It is a figure explaining the heat cycle in a magnetic refrigeration system. It is a diagram showing the relationship between ferromagnetic transition temperature Tc and the magnetic entropy change ΔS in RX ₂ compounds. Is a diagram showing the X-ray diffraction pattern upon addition of B to ErCo _2, (a) X-ray diffraction pattern of ErCo _2, (b) X-ray diffraction pattern of ErCo ₂ B _0.02, (c) Is an X-ray diffraction pattern of ErCo ₂ B _0.04 , (d) is an X-ray diffraction pattern of ErCo ₂ B _0.07 , and (e) is an X-ray diffraction pattern of ErCo ₂ B _0.1 . It is a diagram showing the relationship between B addition amount x and the lattice constant in ERCO _2. It is a figure which shows the relationship between a lattice constant and the ferromagnetic transition temperature Tc. It is a diagram showing the relationship between B addition amount x and the ferromagnetic transition temperature Tc in the ERCO _2.

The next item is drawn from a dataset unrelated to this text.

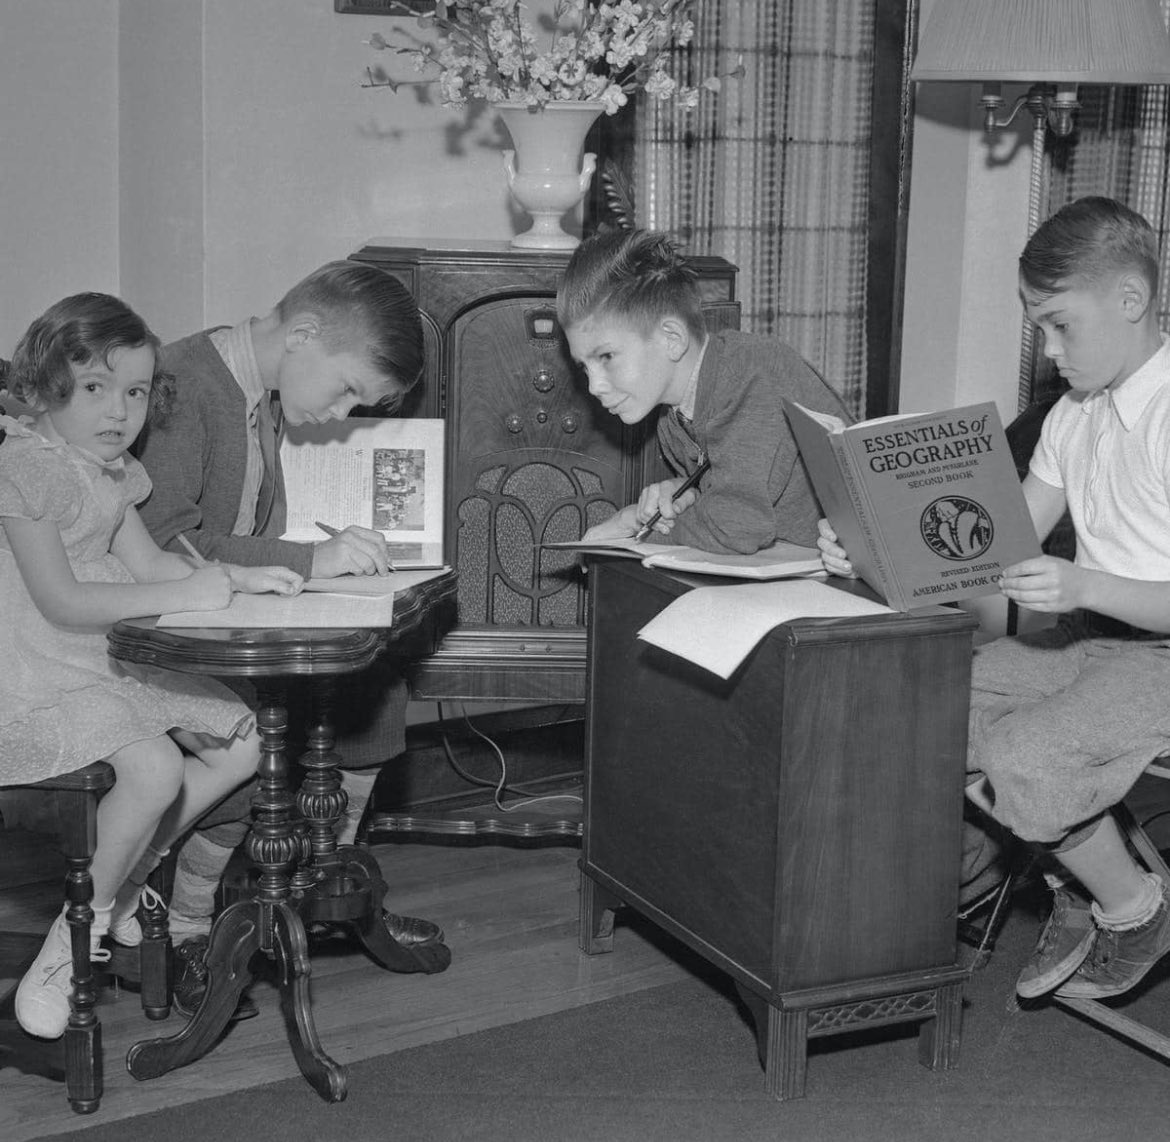 Remote learning during the 1937 polio epidemic in Chicago was necessitated by the absence of a polio cure, coupled with its high contagiousness. As a result, school openings were postponed, and students were required to remain at home. Over 300,000 students in grades three to

  Hereinafter, a rare earth magnetic refrigerant for a magnetic refrigeration system to which the present invention is applied will be described in detail with reference to the drawings.

  The magnetic refrigeration system, unlike the gas refrigeration technology, is a refrigeration technology that uses the internal degree of freedom (entropy) of the magnetic material, causing a ferromagnetic / paramagnetic transition in the magnetic refrigerant depending on whether a magnetic field is applied, and the endothermic reaction that occurs there.・ Freeze using heat energy from exothermic reaction. For example, when a magnetic field is applied to a magnetic refrigerant, the directions of electron spin are aligned, magnetic entropy is reduced, and an exothermic reaction occurs. On the other hand, when the magnetic field is lowered and the electron spin state of the magnetic refrigerant is made random, the magnetic entropy increases and an endothermic reaction occurs. In the magnetic refrigeration system, cooling is performed using such a change in magnetic entropy (magnetocaloric effect).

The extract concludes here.